## Section: New Results

Keywords : microcanonical multifractal formalism, turbulence, sea surface temperature, altimetry, chlorophyl concentration, geostrophic velocity, ocean dynamics.

### Geometric structures in the microcanonical formalism associated to bio/geochimical datasets

Participants : Hussein Yahia, Véronique Garçon [ CNRS-LEGOS ] .

The subtropical convergence zone is one of the major frontal systems in oceans, and it is the place where specific complex ocean dynamics, algae blooms and upwelling occur. The phenomena are visible on Sea Surface Temperature (SST), cholorophyl alpha (ocean colour) and altmimetry satellite datasets.

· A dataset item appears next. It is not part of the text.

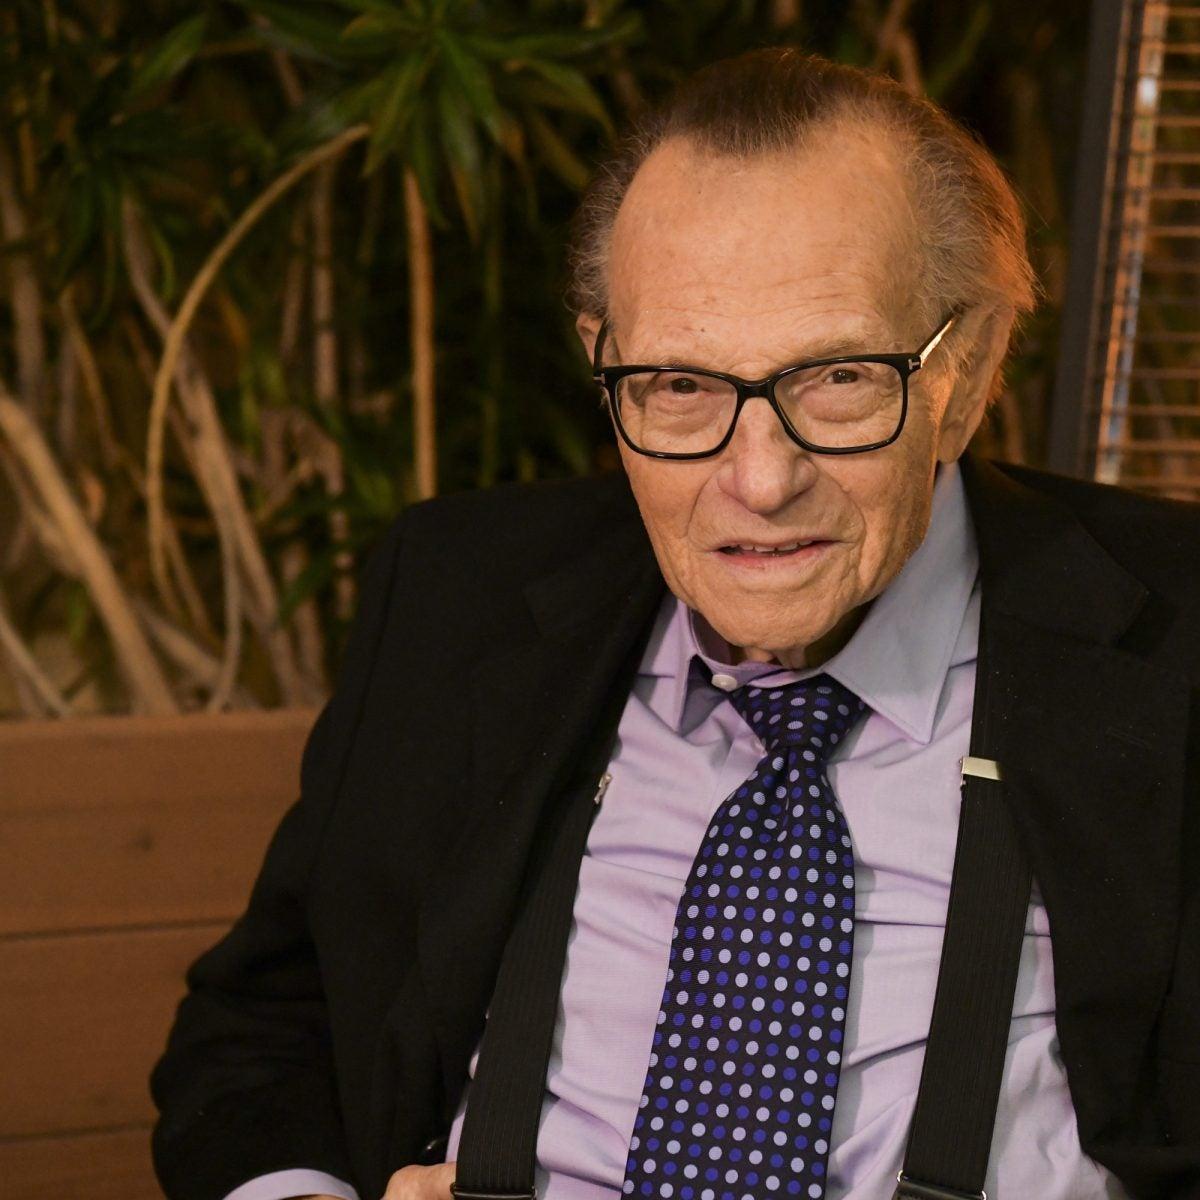 Remembering CNN Legend Larry King

We begin the study of the ocean dynamics in the subtropical convergence zone using the microcanonical multifractal formalism (MMF), i.e. from the geometric structures associated to singularity exponents derived within the MMF on satellite acquisition datasets. The MMF provides a unified framework for analyzing the dynamics of related events acquired in different oceanographic acquisition datasets. The first phase of the study associated to these data is an experimental phase. We compute the singularity exponents in the different datasets and begin the analysis by studying the Most Singular Manifolds (MSMs) and other geometric structures derived from the singularity exponents. The datasets have different spatial and temporal resolutions. In figure 4 we show the singularity exponents and the MSM associated to a particular altimetric acquisition. In figure 5 we show the singularity exponents associated to the chlorophyl concentration and the SST (Sea Surface Temperature), these oceanographic datasets being available at a finer spatial resolution. The observed similarity between the geometric structures associated to exponents of different datasets show that a similar dynamic is under way in the specified zone. We are now exploiting these results to obtain finer characterizations of the ocean dynamics in the subtropical convergence zone.